BMC firmware web page. Not so pretty, but surely better than raw API endpoints, especially for debugging.
Overall, I was very pleased with the experience. I would have thought that an AI agent would fail miserably at generating embedded C, but it seems that I was wrong. This seems to be a really useful technology, at least for such experiments.
For the technical details, you can access the firmware Git repository.
My full discussion with the AI agent in Roo Code. +6925 lines, -527, 26 files generated
A real server?
3D-printing an ITX plastic mount
To fit the VisionFive 2 and ESP32 board inside the 1U server chassis, I needed them in the form of a mini-ITX motherboard. I quickly designed a square with the ITX dimensions, added holes for screws, and created mounts for screw inserts for the two boards. I then used my 3D printer to produce the ITX plastic mount.
My 3D printer software showing the plastic ITX mount 3D model
In order to have the two RJ45 ports line up at the end of the board, I printed another model that held two RJ45 keystones, and used tiny ethernet cables to connect everything.
Two RJ45 keystones are the only available I/O for the ITX board, as the rest is hidden behind
Everything is mounted and connected on the ITX plastic board
Finalizing the build
The whole project took about three to four weeks from start to finish.

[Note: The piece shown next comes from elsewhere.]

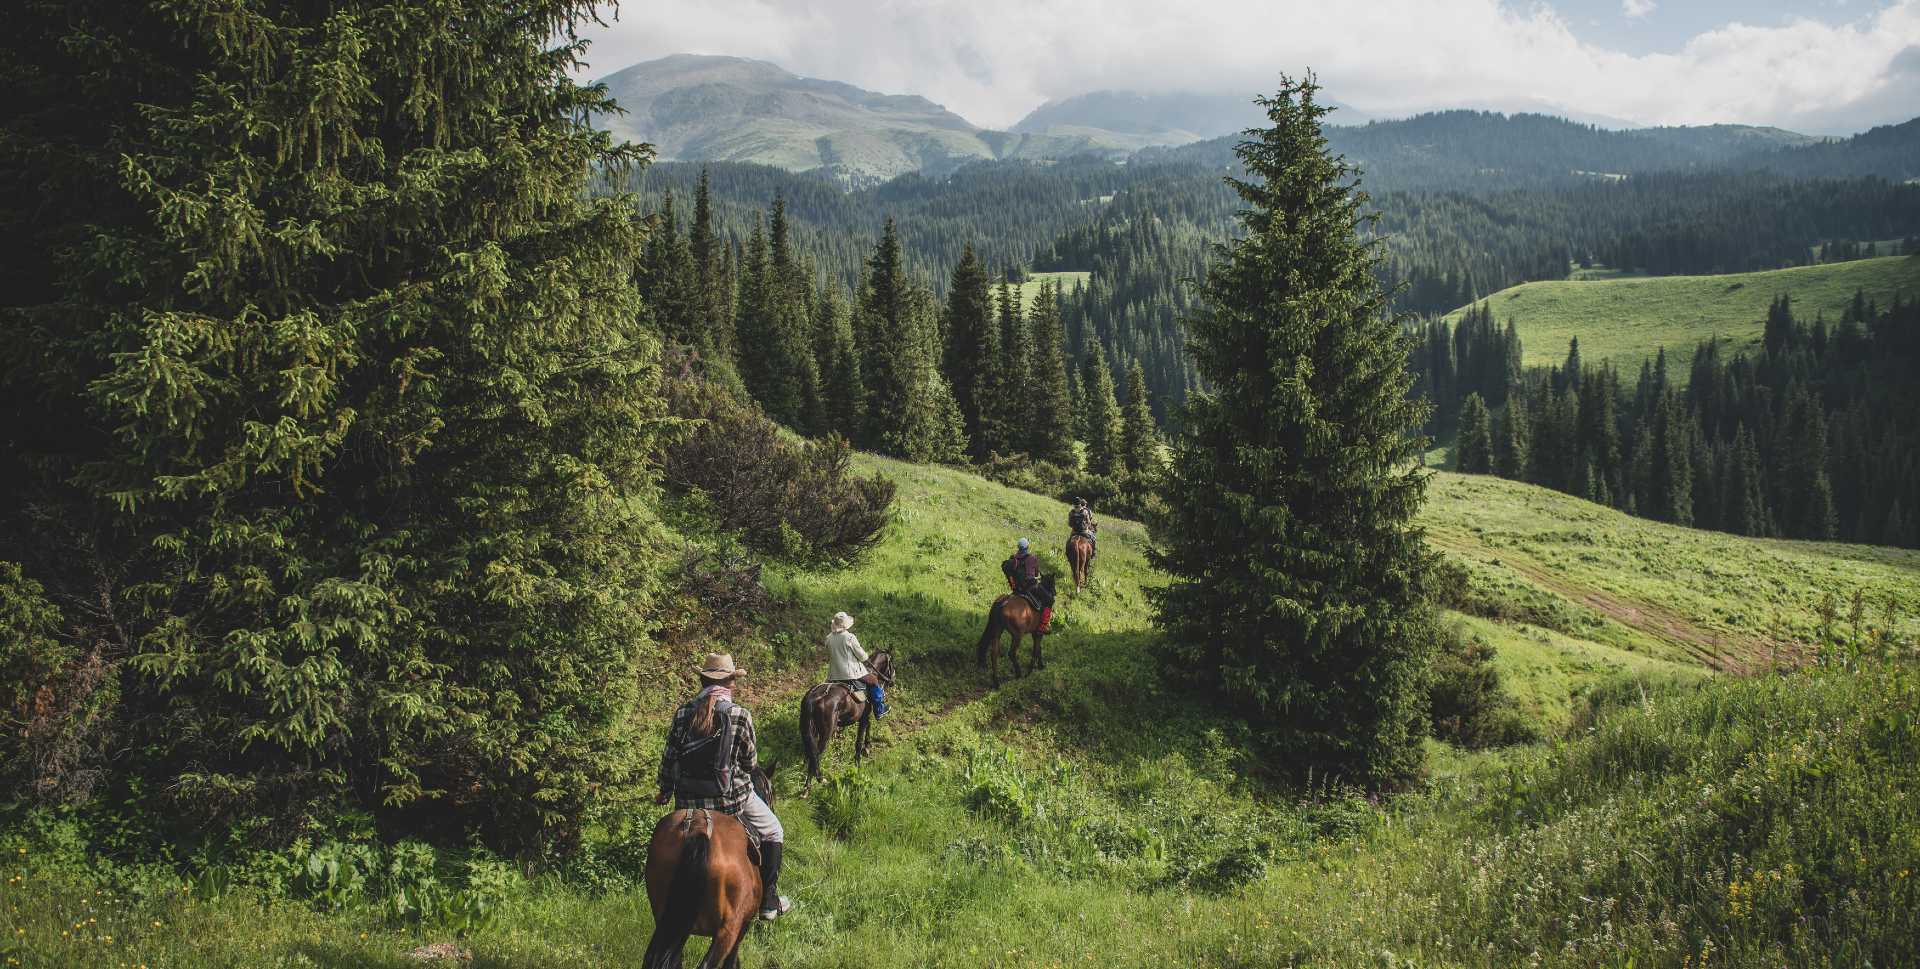 Four people on horseback riding down a grassy mountain between stands of trees.

The assembly was straightforward. The 1U chassis has built-in fans connected to the PSU, which provide active cooling. The VisionFive 2 and ESP32 boards themselves rely on passive cooling, which has been sufficient for our testing workloads.
Putting it all together inside the server chassis is a really nice feeling.
From the outside, it looks like a real server!
Conclusion
This was a very interesting experiment! I learned a lot, and most of it was really fun.
Of course, most of the work wasn’t on setting up the test system; it was on testing Canonical MAAS in parallel to ensure that, with some experimental changes, the system would boot. That work is now done, and I’m confident the system is good enough for the MAAS team to take over and start developing and testing MAAS for RISC-V.
The custom BMC firmware exposes a simple HTTP API with endpoints like /power/on and /power/off to control the board. This lightweight approach was sufficient for our testing needs
Since such experiments are rare and fun, I thought I would write a blog article to share the most interesting parts. I hope you enjoyed reading this!